Brussels is About to Protect Citizens from Intelligence

Indeed, from the artificial one. But it will be damaging anyway. To the European high tech industry and to all others that could use some intelligence.

If what is proposed is adopted, the regulation will cause Europe to fall further behind the US and China in the field of high technologies, especially artificial intelligence (AI). It will also cause developmental lag in all other fields, as Europeans will not be able to freely use the globally available state-of-the-art AI tools. This is already happening. Google and Microsoft’s AI tools were available in Europe with a delay or not at all. This is a result of a previous “historical” legislative achievement called GDPR.

After having tied the Europeans’ hands, the European Commission is promising to comfort researchers with dedicated funding for AI research. This is not a solution. Science that is not motivated by users, by the market, is not as ambitious as science that operates in a free competitive environment.
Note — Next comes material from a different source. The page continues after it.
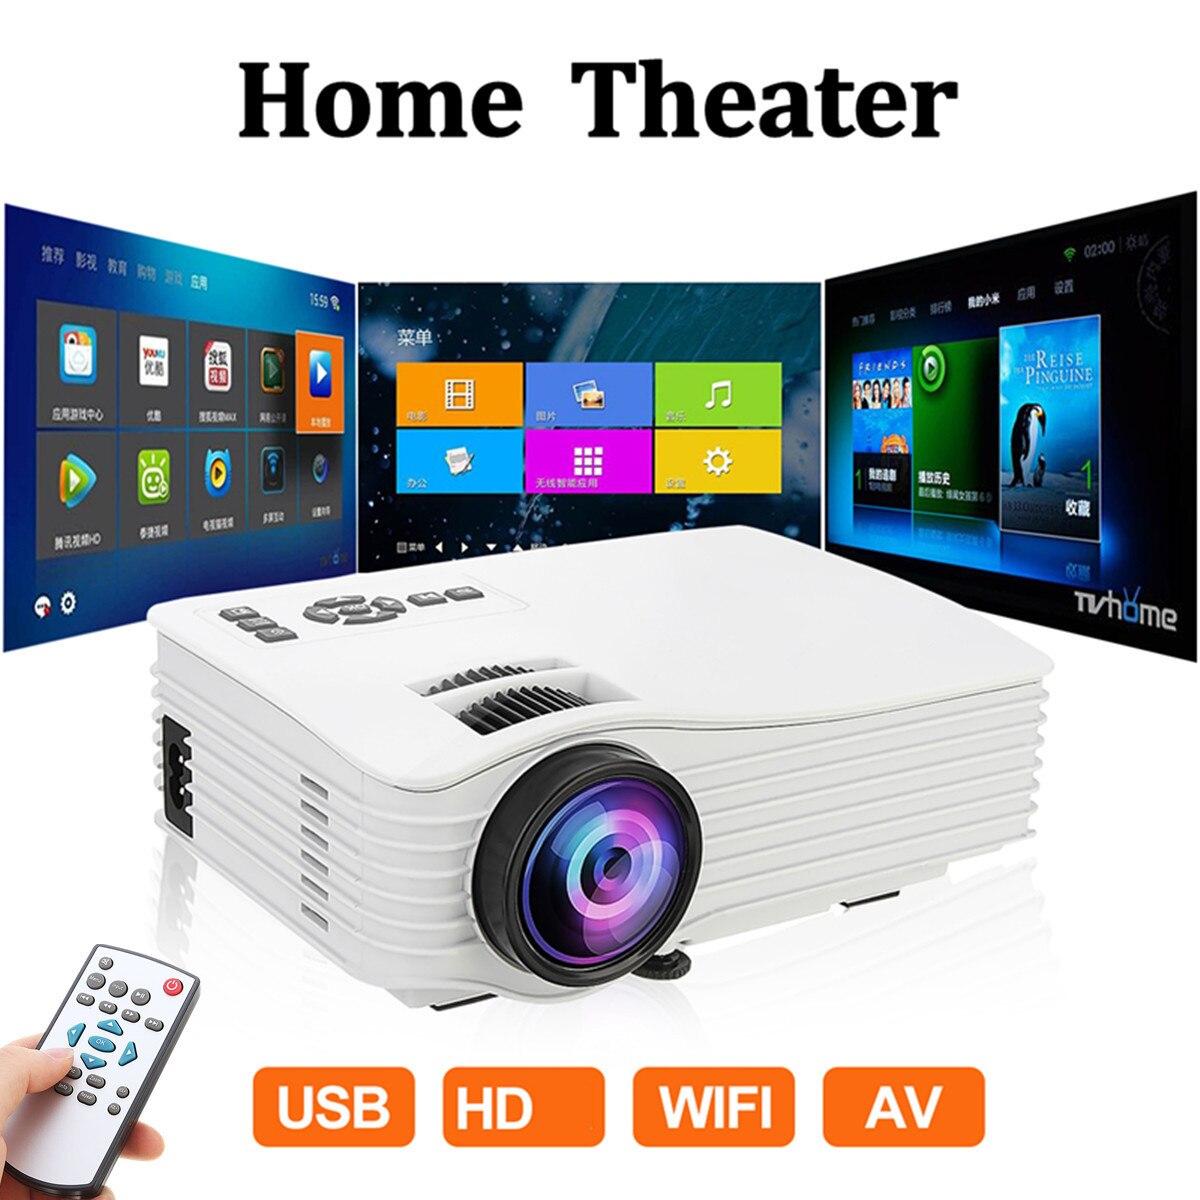 Proyector LED Full HD 1080P Mini Proyector 640x480 teléfono Proyector 4k en casa teatro apoyo Android Ios para cine en casa Para One plus 5T vidrio templado para OnePLus 3 3T Protector de pantalla 2.5D película de vidrio protectora completa para OnePlus 5 5T 1 + 5 t 6

Nor is it a solution that the AI regulation should not apply to scientists or that scientists will have privileged access to some data and technologies, as is happening in social network analysis. This is commercially extremely interesting data, and this privileged position gives science the advantage of deciding of what to do with this data.

AI is just a computer programme

To begin, we should debunk a myth. AI is not so special. It is like any computer programme: we feed it inputs and it creates outputs when we press a button. What AI does extremely well is firstly, recognise patterns in this data; and secondly, know how to continue and generate the patterns. These patterns can be statistical numbers, text, pictures, architectural designs, poems …  AI recognises a pattern that links a lab result to a disease. It continues the pattern when we ask a chatty AI like ChatGPT a question.

Both the recognition and the generation of patterns are at the foundation of reason. Pattern recognition is the basis of all rational behaviour and science itself. Anyone should be allowed to Search for and find patterns. They are a mathematical reality. If AI finds a pattern that links the absence of a Y chromosome to a person’s ability to have a child, this is mathematics, not political incorrectness.

Pattern generation, i.e., creation, is protected by conventions that guarantee freedom of expression. Why shouldn’t a human be able to express something they have learned with the help of artificial intelligence? Why censor it?

AI is revolutionary technology

Artificial intelligence is more than just another computer programme. It is a groundbreaking technology on the level same level as the Printing Press and the Internet.

When one compares the draft AI Act with the regulation of the press in the 18th century, one can only be disappointed. In the 18th century, the fathers of America forbade the state to interfere with the press. In the 21st century, Brussels is all about interfering with AI. Instead of politicians worrying about how governments could use AI to create an Orwellian Big Brother, they worry about what private individuals could do to weaken governments. Instead of making sure governments stay away, they are interfering wholesale.

When print appeared in the 15th century, no one was elaborating which uses of print posed an “unacceptable risk”, which were “high”, which were “limited”, and which were “minimal risk”. The Internet was also lucky enough to be developed under the radar until some politicians thought they were losing elections because there were too few controls on who could say what on the internet. The policies on “disinformation” and “hate speech” were born.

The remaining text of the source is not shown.